Obtain commitment letters for funds and assistance services
If an agency will be providing funds or other assistance, it is necessary to get a commitment in writing. It is very important to do this prior to your closing, as you will need to give these letters to your lender prior to, or at the closing. Commitment letters need to spell out exactly how much money will be allocated on your behalf, how much assistance will be provided, and for what length of time. For example, if an agency establishes an account for your long-term maintenance, the letter needs to state how much money will be set aside each month, who will manage the account, and how the funds can be accessed.
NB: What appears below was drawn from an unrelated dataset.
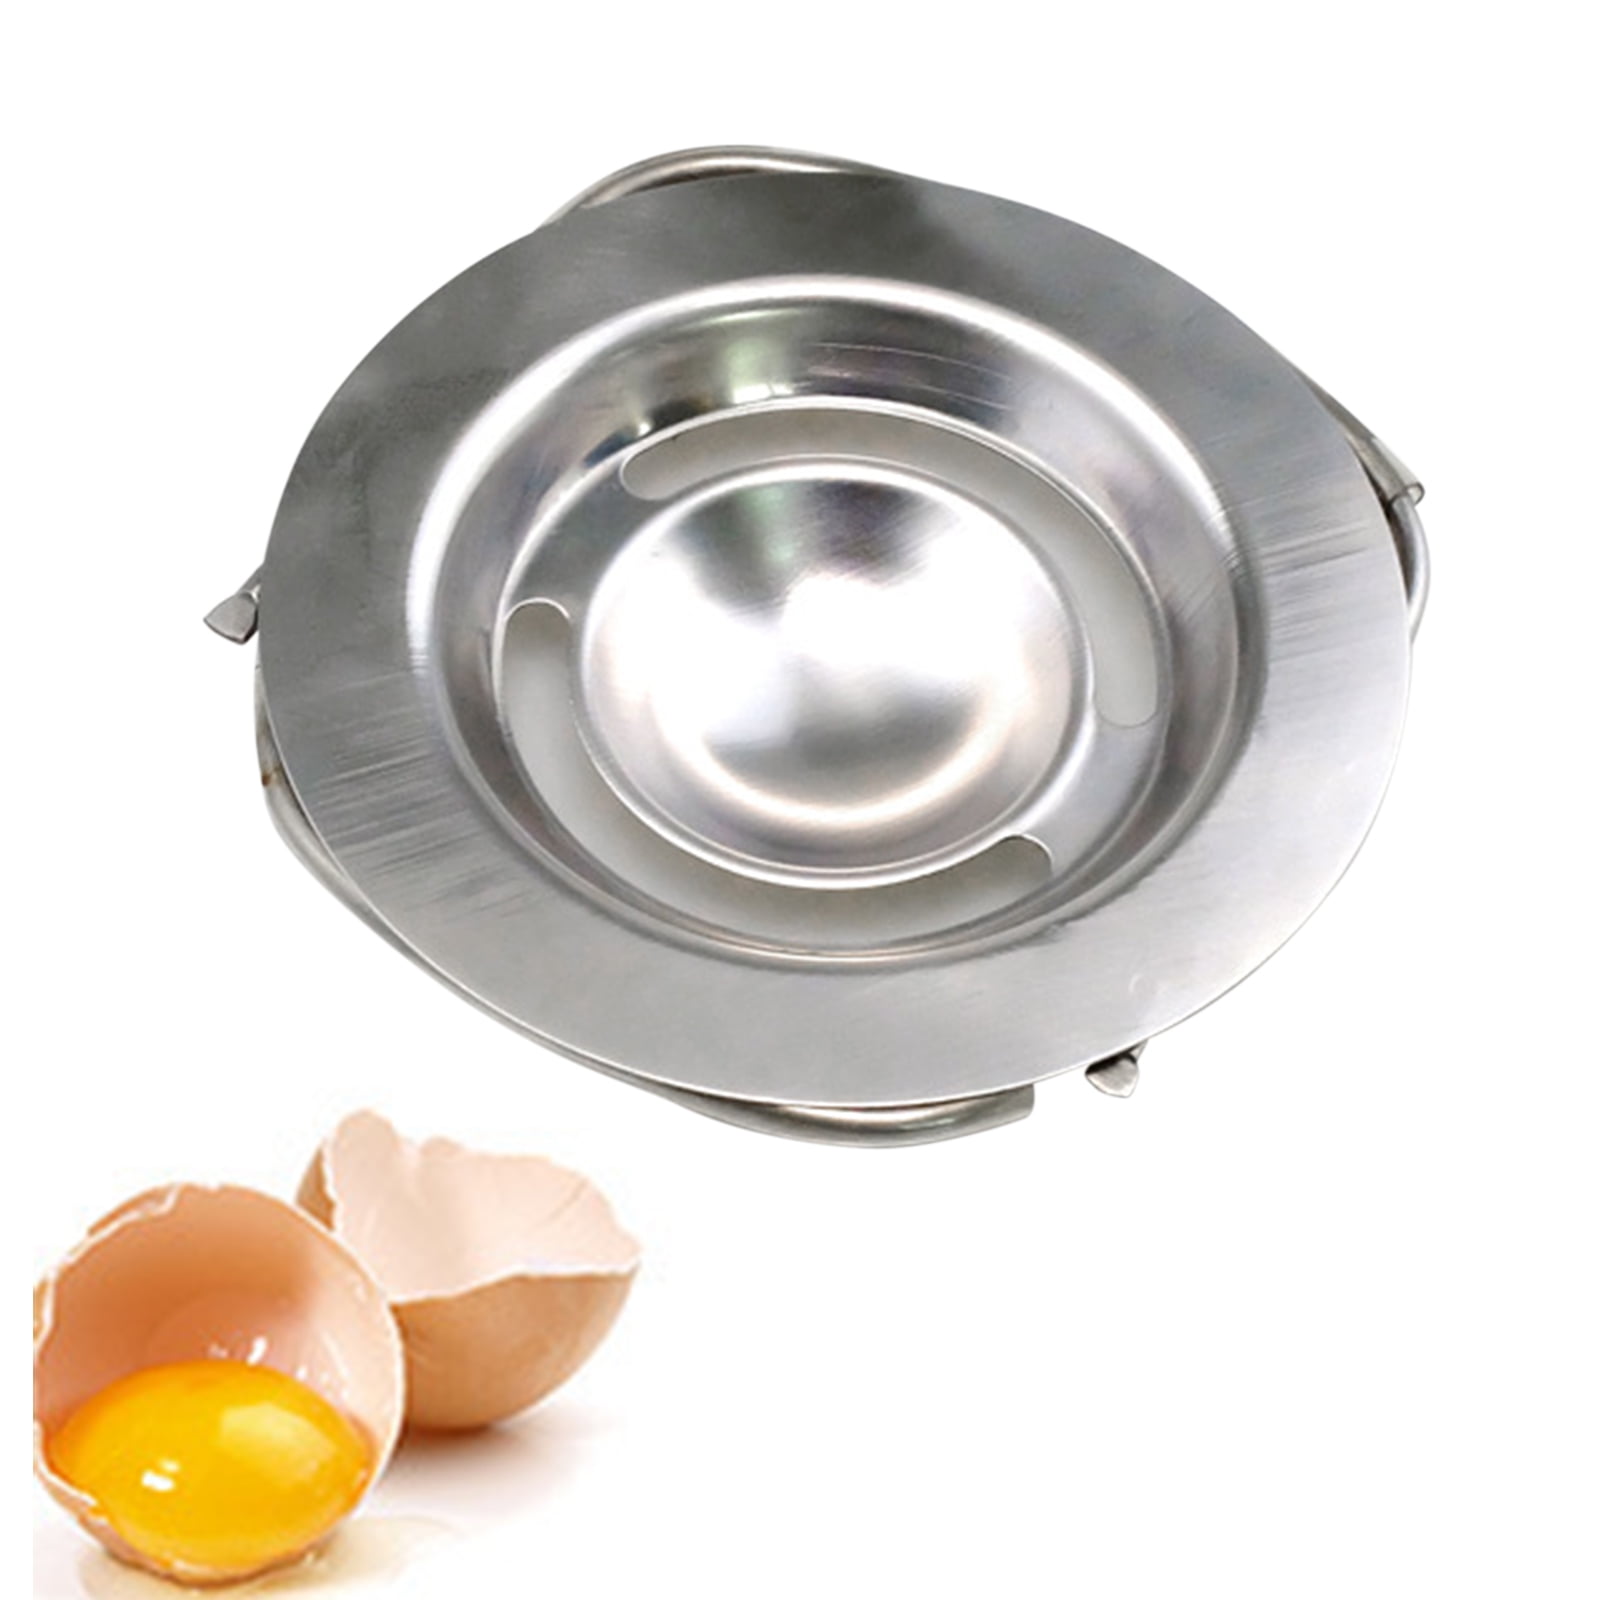 Egg Custards and More 10-inch Egg Beater and 5-inch Egg White Separator Tool for Baking Cake Egg Whisk and Stainless Steel Egg Yolk Egg White Separator

Document Principal, Interest, Taxes, and Insurance (PITI) reserves
The lender may require that you demonstrate that you have enough money set aside to cover your mortgage payment for one or two months. This reserve, similar to the escrow accounts, is a guarantee for the lender that if you have a lapse in income for any reason, you will be able to pay your mortgage until you can make other financial arrangements.
Review your long-term assistance plan
By now, you should have a solid plan in place that describes how you will receive the assistance you need in your new home. It is essential to have a back-up plan to cover emergency or unusual circumstances. There may be occasions when a support person is unavailable, you are ill and need extra support, or you are unable to stay in your home, for example, if repairs are being done. Having a detailed plan in place prior to the closing will ensure your safety in your new home.